Tuesday, January 01, 2013

My nice daily healthy lifestyle routine got quite distorted in December.
-work: many days off, and working with a team in different time zone and different holiday schedule. Officially I worked on 27th and 28th December only, but practically I worked a few hours every day, on demand.
-sleep: I went to bed late because everybody in the family stays up late, and I wake up when I normally do - I stay in bed and go back to sleep but the quality is not the same
-food: I let Christmas cookies turn off my rational thinking and portion control so I overate almost every day
-exercise: yesss, this is something I can say something good about! I stuck to my plan and missed only one or two ST sessions - though I didn't manage to work out first thing in the morning and I missed that.

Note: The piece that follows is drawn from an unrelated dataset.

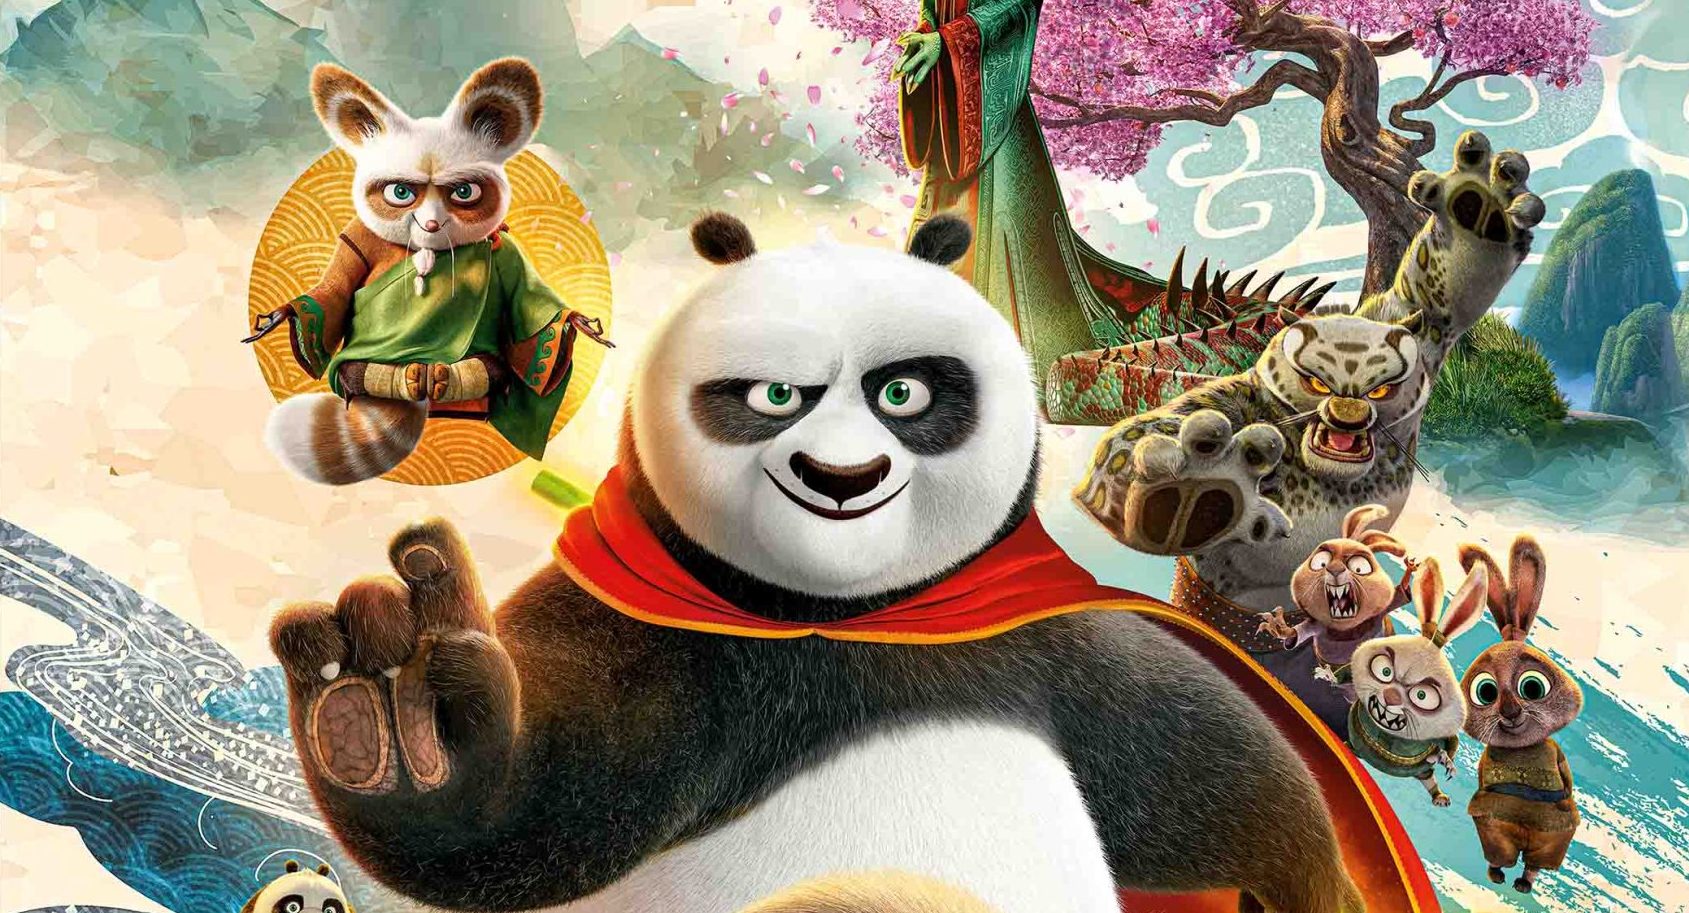 Enter ‘Kung Fu Panda 4 Dubbing Contest’ the lucky winner will be chosen to give voice!
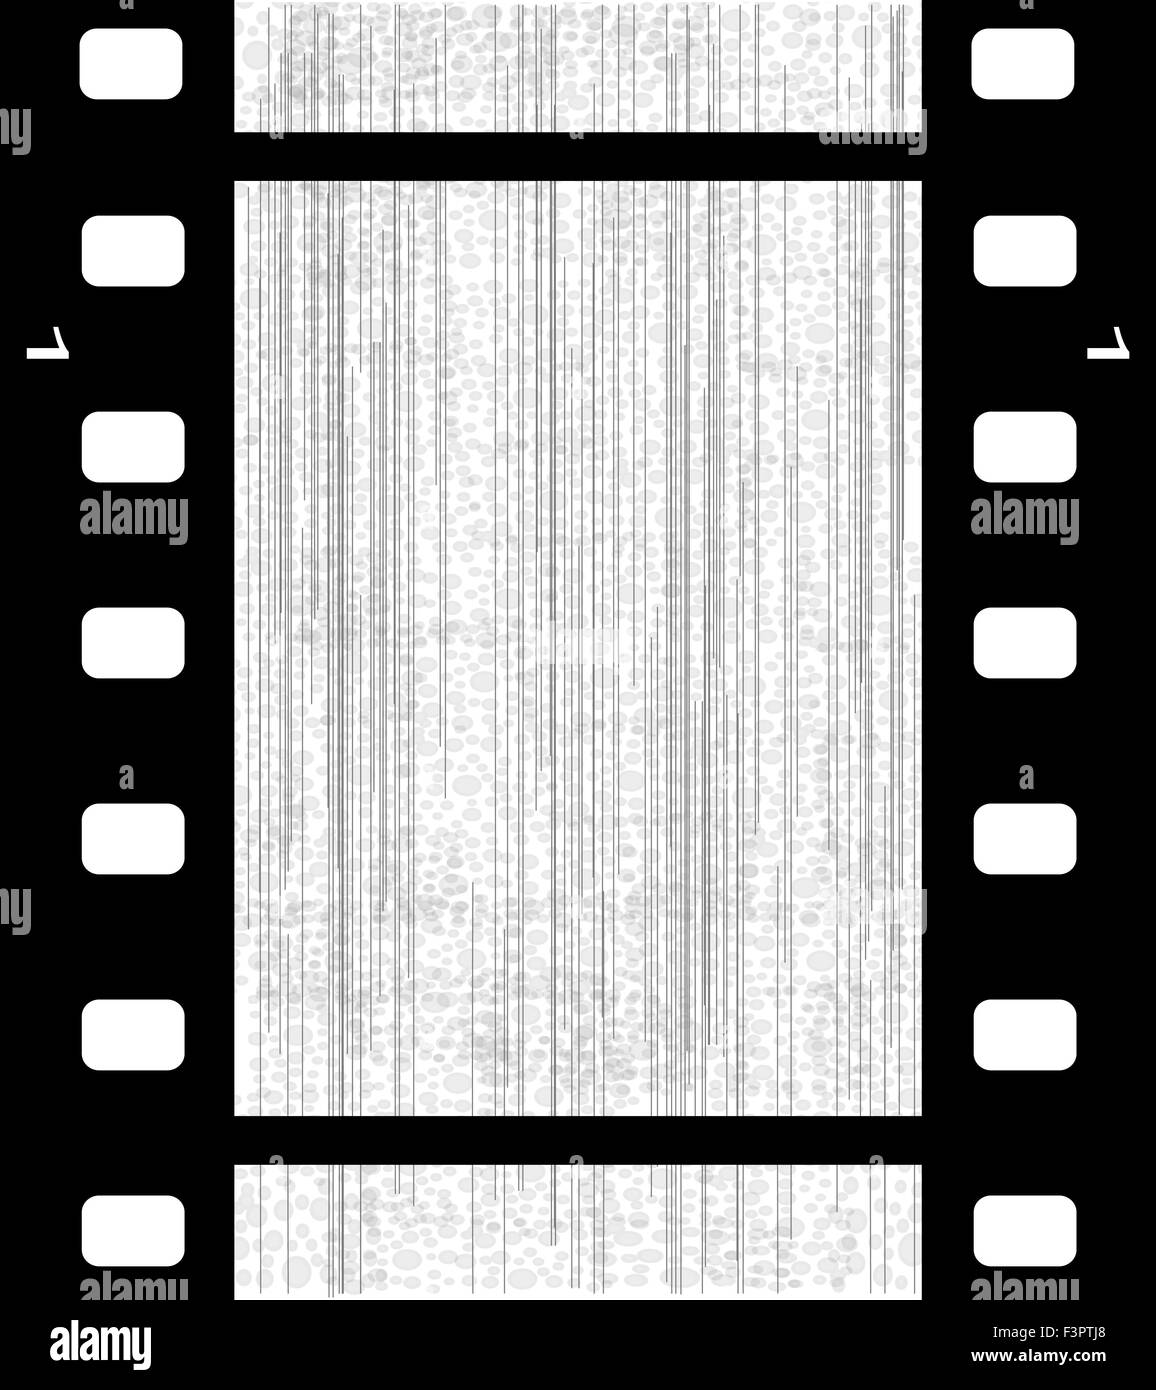 Celluloid film strip Black and White Stock Photos & Images - Alamy

So, my short term goal for 2013 is to get back on track:
-go to bed in my preferred time 10:30 even if DH and kids stay up late
-avoid overeating in the evening
-avoid trigger foods and eat as I usually do (3 meals, 2 snacks, stay within range)
-do not skip snacks - if I want to skip a meal, I can skip dinner, but not the other meals

Long term goals:
1. change my ST routine:
-basically I have been doing the same ST workouts in the past 18 months, using the same weights (5 pound dumbbells)
-after hearing from many SP friends doing some research myself, finally I decided it is time I improved my ST routine
-I already bought a barbell and I'm going to buy adjustable dumbbells (now I'm using the ones of my son but adjusting the weights every time is demotivating)
I would appreciate advice from those of you who do weight lifting.
What exercises do you find effective and safe? What weights do you use?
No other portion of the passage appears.